Restricted Generalizability Across Constructs: When designing studies, the researcher must consider the impact of the findings on constructs other than those originally conceived in the problem statement. Often, including another measure or two will enable you to generalize the findings to clinical settings, and the translation back to theoretical dimensions will be broader.
External validity is concerned with the extent to which study findings can be generalized beyond the sample used in the study. With the most serious threat, the findings would be meaningful only for the group being studied. To some extent, the significance of the study depends on the number of types of people and situations to which the findings can be applied. Sometimes, the factors influencing external validity are subtle and may not be reported in research papers; however, the researcher must be responsible for these factors. Generalization is usually more narrow for a single study than for multiple replications of a study using different samples, perhaps from different populations in different settings. The threats to the ability to generalize the findings (external validity) in terms of study design are described here.

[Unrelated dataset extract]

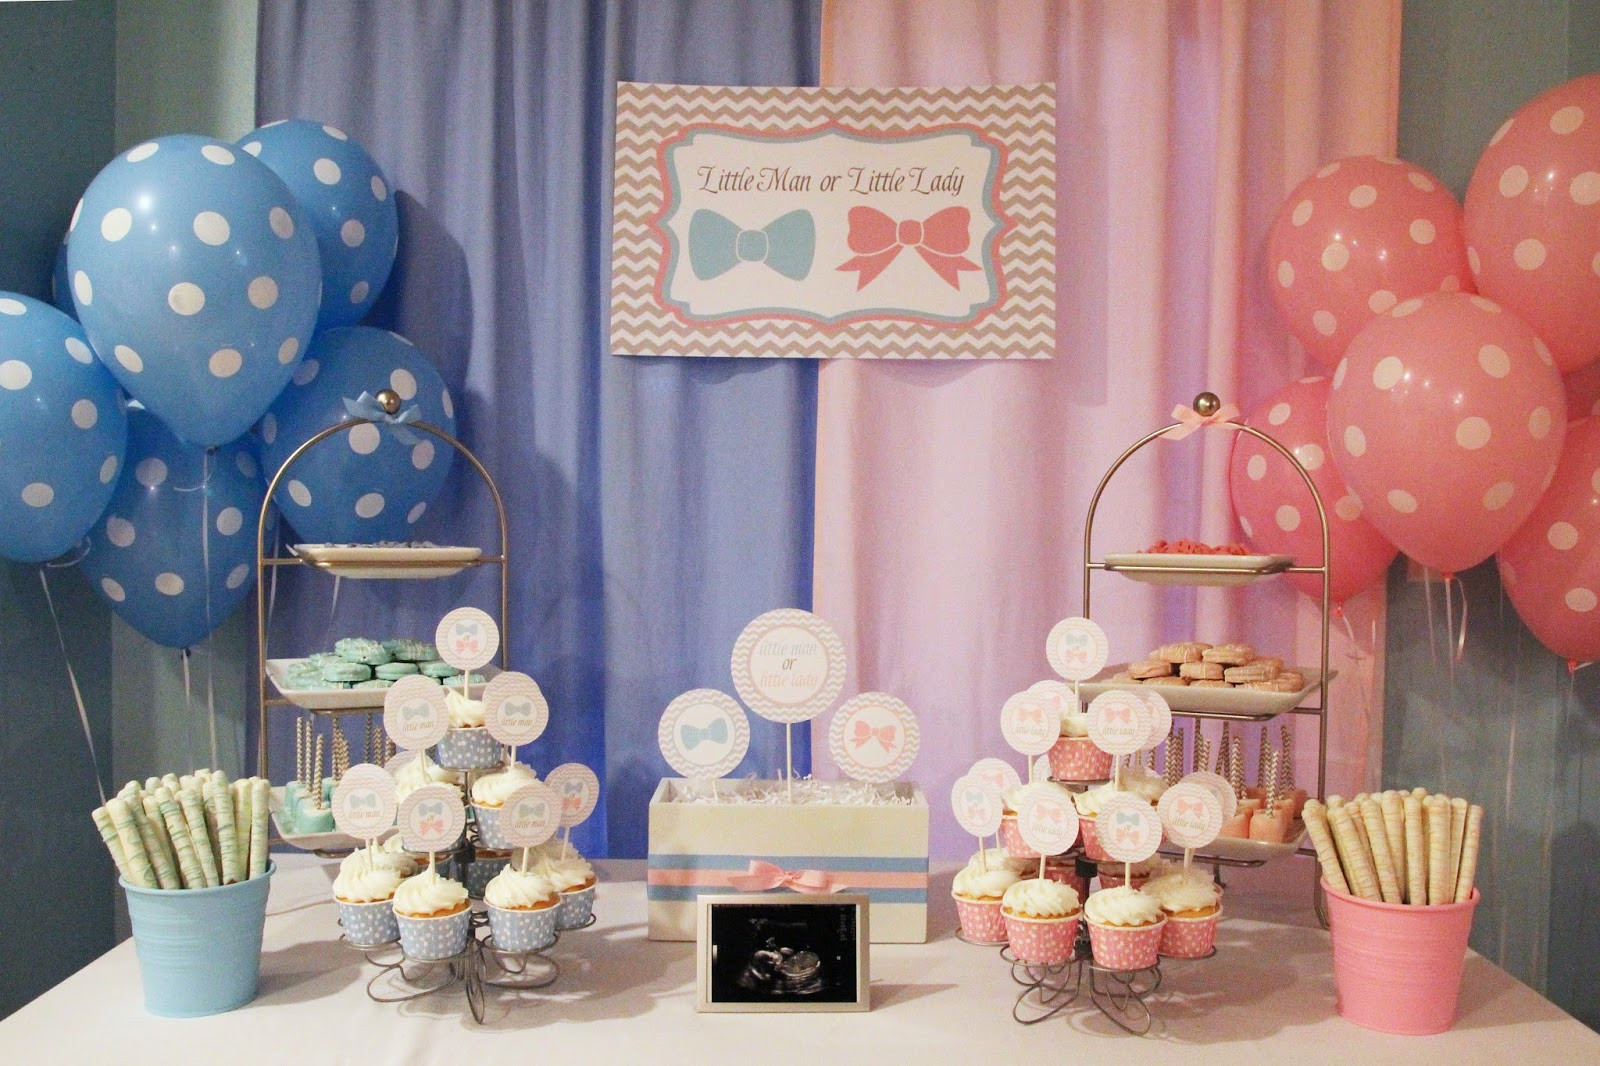 Great Gender Reveal Party Ideas
 5M Creations Gender Reveal Party Little Man or Little Lady

Interaction of Selection and Treatment: Seeking subjects who are willing to participate in a study can be difficult, particularly if the study requires extensive amounts of time or other investments by subjects. If a large number of the persons approached to participate in a study decline to participate, the sample actually selected will be limited in ways that might not be evident at first glance. Only the researcher knows the subjects well. Subjects might be volunteers, “do-gooders,” or those with nothing better to do. In this case, generalizing the findings to all members of a population, such as all nurses, all hospitalized patients, or all persons experiencing diabetes, is not easy to justify.
The study must be planned to limit the investment demands on subjects and thereby improve participation. The researcher must report the number of persons who were approached and refused to participate in the study so that those who are examining the study can judge any threats to external validity. As the percentage of those who decline to participate increases, external validity decreases. Sufficient data must be collected on the subjects to allow the researcher to be familiar with the characteristics of subjects and, to the extent possible, the characteristics of those who decline to participate. Handwritten notes of verbal remarks made by those who decline and observations of behavior, dress, or other significant factors can be useful in determining selection differences.
Interaction of Setting and Treatment: Bias exists in types of settings and organizations that agree to participate in studies. This bias has been particularly evident in nursing studies. For example, some hospitals welcome nursing studies and encourage employed nurses to conduct studies. Others are resistant to the conduct of nursing research. These two types of hospitals may be different in important ways; thus, there might be an interaction of setting and treatment that limits the generalizability of the findings. As a researcher, you must consider this factor when making statements about the population to which your findings can be generalized.
Interaction of History and Treatment: The circumstances in which a study was conducted (history) influence the treatment and thus the generalizability of the findings. Logically, one can never generalize to the future; however, replicating the study during various periods strengthens the usefulness of findings over time. In critically analyzing studies, you must always consider the period of history during which the study was conducted and the effect of nursing practice and societal events during that period on the reported findings.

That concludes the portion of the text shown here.